Re: [PATCH v5 01/18] cgroup/misc: Add per resource callbacks for CSS events

"Haitao Huang" <haitao.huang@xxxxxxxxxxxxxxx> · Wed, 04 Oct 2023 10:45:08 -0500

Hi Jarkko

On Mon, 02 Oct 2023 17:55:14 -0500, Jarkko Sakkinen <jarkko@xxxxxxxxxx>  
wrote:
...
> >> I noticed this one later:
> >>
> >> It would better to create a separate ops struct and declare the  
instance
> >> as const at minimum.
> >>
> >> Then there is no need for dynamic assigment of ops and all that is  
in
> >> rodata. This is improves both security and also allows static  
analysis
> >> bit better.
> >>
> >> Now you have to dynamically trace the struct instance, e.g. in  
case of
> >> a bug. If this one done, it would be already in the vmlinux.
> >I.e. then in the driver you can have static const struct declaration
> > with *all* pointers pre-assigned.
> >
> > Not sure if cgroups follows this or not but it is *objectively*
> > better. Previous work is not always best possible work...
> >
>
> IIUC, like vm_ops field in vma structs. Although function pointers in
> vm_ops are assigned statically, but you still need dynamically assign
> vm_ops for each instance of vma.
>
> So the code will look like this:
>
> if (parent_cg->res[i].misc_ops && parent_cg->res[i].misc_ops->alloc)
> {
> ...
> }
>
> I don't see this is the pattern used in cgroups and no strong opinion
> either way.
>
> TJ, do you have preference on this?

I do have strong opinion on this. In the client side we want as much
things declared statically as we can because it gives more tools for
statical analysis.

I don't want to see dynamic assignments in the SGX driver, when they
are not actually needed, no matter things are done in cgroups.
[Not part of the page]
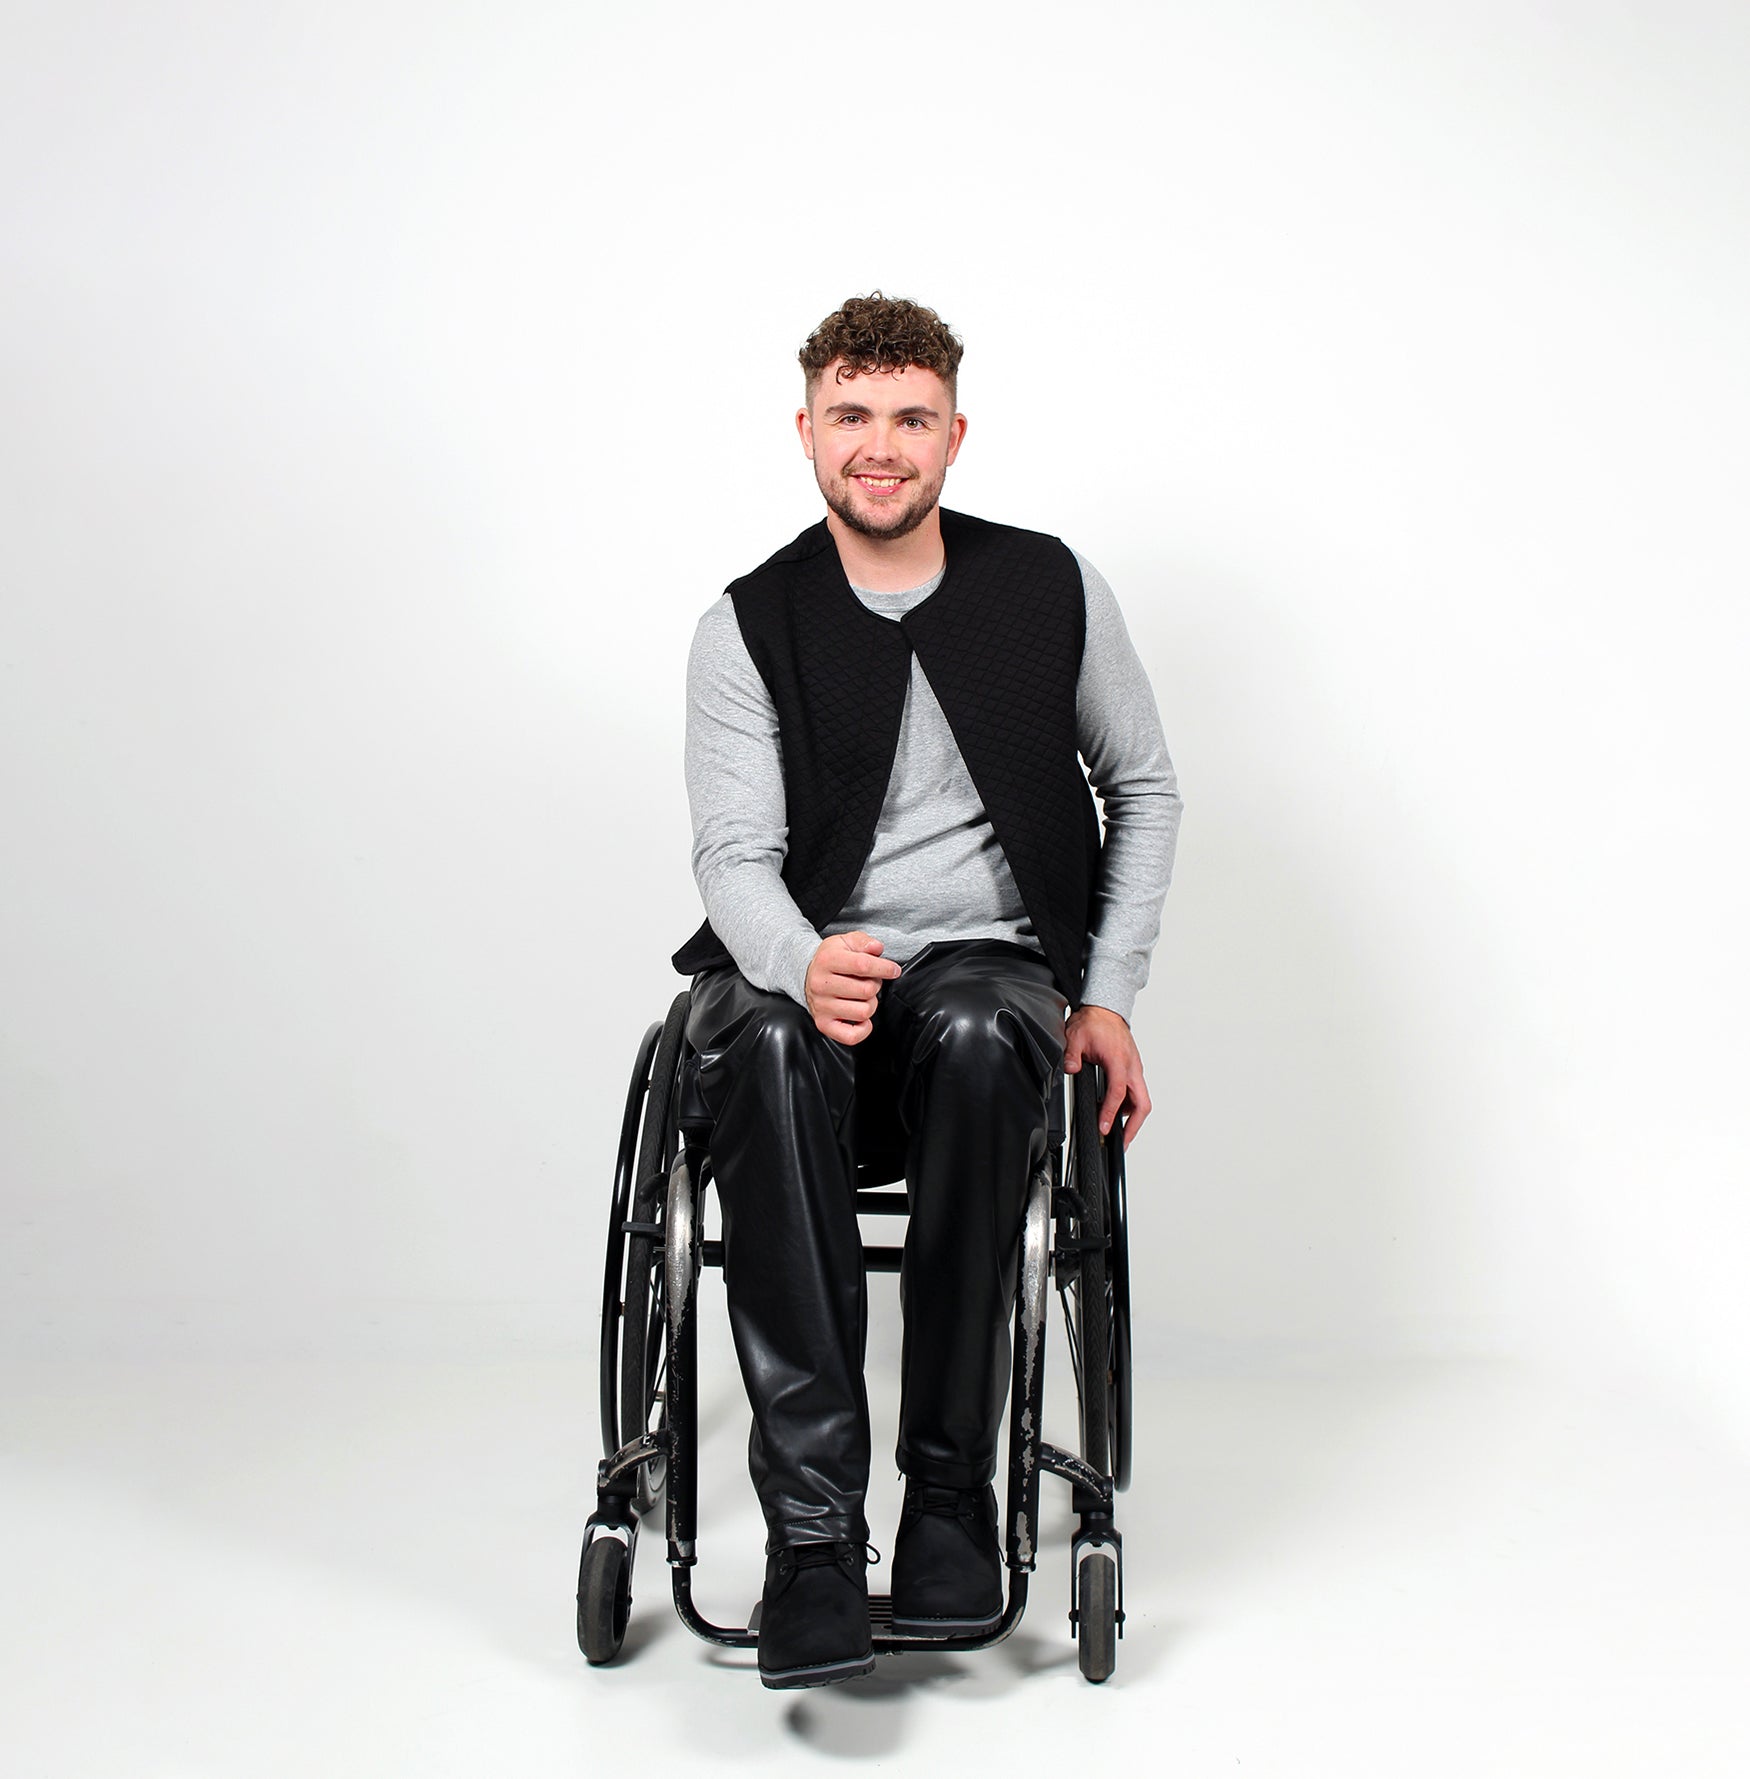 EasyUndies - Adaptive Clothing for Independent Living

I.e. I don't really even care what crazy things cgroups subsystem
might do or not do. It's not my problem.

All I care is that we *do not* have any use for assigning those
pointers at run-time. So do whatever you want with cgroups side
as long as this is not the case.



So I will update to something like following. Let me know if that's  
correct understanding.
@tj, I'd appreciate for your input on whether this is acceptable from  
cgroups side.

--- a/include/linux/misc_cgroup.h
+++ b/include/linux/misc_cgroup.h
@@ -31,22 +31,26 @@ struct misc_cg;

 #include <linux/cgroup.h>

+/* per resource callback ops */
+struct misc_operations_struct {
+       int (*alloc)(struct misc_cg *cg);
+       void (*free)(struct misc_cg *cg);
+       void (*max_write)(struct misc_cg *cg);
+};
 /**
  * struct misc_res: Per cgroup per misc type resource
  * @max: Maximum limit on the resource.
  * @usage: Current usage of the resource.
  * @events: Number of times, the resource limit exceeded.
+ * @priv: resource specific data.
+ * @misc_ops: resource specific operations.
  */
 struct misc_res {
        u64 max;
        atomic64_t usage;
        atomic64_t events;
        void *priv;
-
-       /* per resource callback ops */
-       int (*alloc)(struct misc_cg *cg);
-       void (*free)(struct misc_cg *cg);
-       void (*max_write)(struct misc_cg *cg);
+       const struct misc_operations_struct *misc_ops;
 };

...

diff --git a/kernel/cgroup/misc.c b/kernel/cgroup/misc.c
index 4633b8629e63..500415087643 100644
--- a/kernel/cgroup/misc.c
+++ b/kernel/cgroup/misc.c
@@ -277,8 +277,8 @@ static ssize_t misc_cg_max_write(struct  
kernfs_open_file *of, char *buf,

        if (READ_ONCE(misc_res_capacity[type])) {
                WRITE_ONCE(cg->res[type].max, max);
-               if (cg->res[type].max_write)
-                       cg->res[type].max_write(cg);
+               if (cg->res[type].misc_ops &&  
cg->res[type].misc_ops->max_write)
+                       cg->res[type].misc_ops->max_write(cg);

[skip other similar changes in misc.c]

And on SGX side, it'll be updated like this:

--- a/arch/x86/kernel/cpu/sgx/epc_cgroup.c
+++ b/arch/x86/kernel/cpu/sgx/epc_cgroup.c
@@ -376,6 +376,14 @@ static void sgx_epc_cgroup_max_write(struct misc_cg  
*cg)
        queue_work(sgx_epc_cg_wq, &rc.epc_cg->reclaim_work);
 }

+static int sgx_epc_cgroup_alloc(struct misc_cg *cg);
+
+const struct misc_operations_struct sgx_epc_cgroup_ops = {
+        .alloc = sgx_epc_cgroup_alloc,
+        .free = sgx_epc_cgroup_free,
+        .max_write = sgx_epc_cgroup_max_write,
+};
+
 static int sgx_epc_cgroup_alloc(struct misc_cg *cg)
 {
        struct sgx_epc_cgroup *epc_cg;
@@ -386,12 +394,7 @@ static int sgx_epc_cgroup_alloc(struct misc_cg *cg)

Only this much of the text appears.